Painful Intimacy

A review of Sean Moreland’s “The Rosy Boa” in Pavor Nocturnus: Dark Fiction Anthology (January, 2014 online at http://pavnoc.com/?p=419 )
By Derek Newman-Stille

Sean Moreland creates a fierce, almost painful intimacy with the reader in his short story “The Rosy Boa.” The reader is drawn into a conversation, sharing pains and desires with the text, folded into its papery arms, and kissed on the ears by the black tongue of dialogue.

Moreland invites the reader into the world of queer desire, a young man who has fallen in love with another young man in a small town of the 1980s. Like many queer youth, his life is a mix of fear of rejection and the desire to get away from all of the homophobic hate and the persistent threat of violence at home and in public. His desires are stretched between a want for a normal life and a deep drawing toward a potential love interest. The protagonist is perpetually guarded, mediating his feelings for fear of their reception, but he is hyperconscious of every touch of body to body, unsure if these moments of contact are embedded with meaning.

Like many queer youth in a small town, the protagonist is hyper aware of the levels of surveillance that gossip and the vigilant enforcement of normalcy have written over the community – everyone is watched, and everyone’s normalcy is policed. He feels watched in his neighbourhood, forever in fear and needing to manage and shape the perception of others about him – for queer youth, a small town is a horror story, a place of threat, observation, and control. Yet, his queerness also puts him in a position outside of the mundane, separate from every day life.
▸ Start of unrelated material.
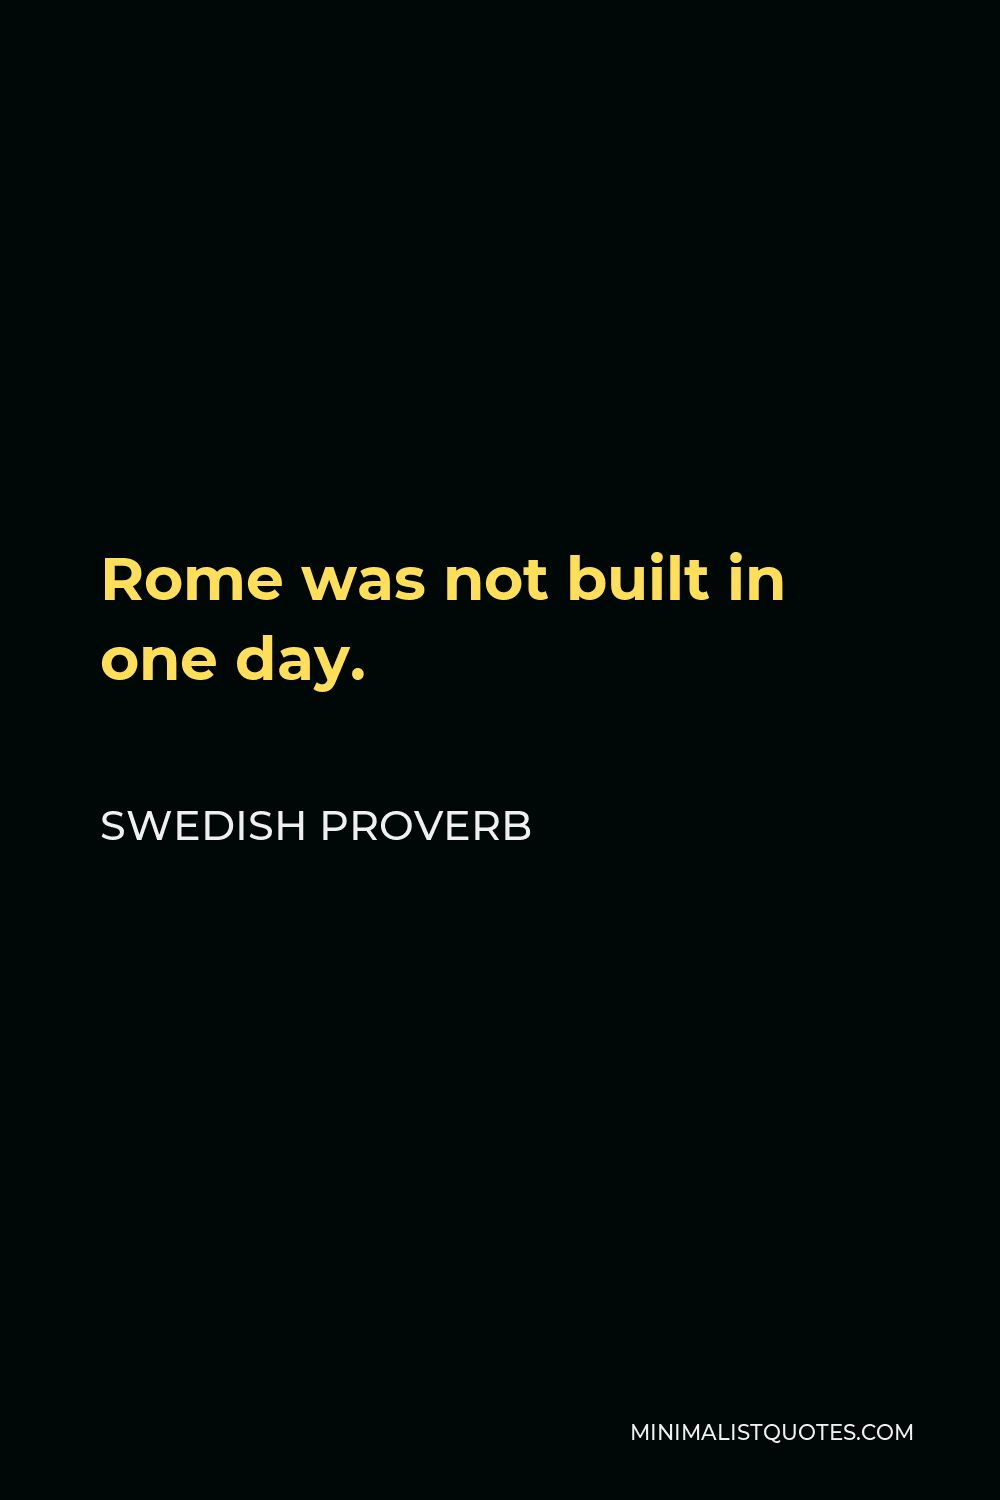 Swedish Proverb Quote - Rome was not built in one day.

When the protagonist is able to visit the house of Cyan, the young man he loves, both are able to indulge in an escape from the norm through costume, wearing an antique feather boa that lets them both dance and play, yet this act of play is heightened by one of fear as darkness rolls in and strange sounds appear. In this place of heightened feeling, the protagonist is able to discover more about himself, opened to the world, where transformation and change are possible and where categorical meanings are disrupted. Love and fear meet in a place of desire that is a “mad mix of heaven and hell”. This heaven and hell create an intimacy beyond the mundane, the normal, the unquestioned. Hunger and desire play together at the edge of fear… and death does not know gender.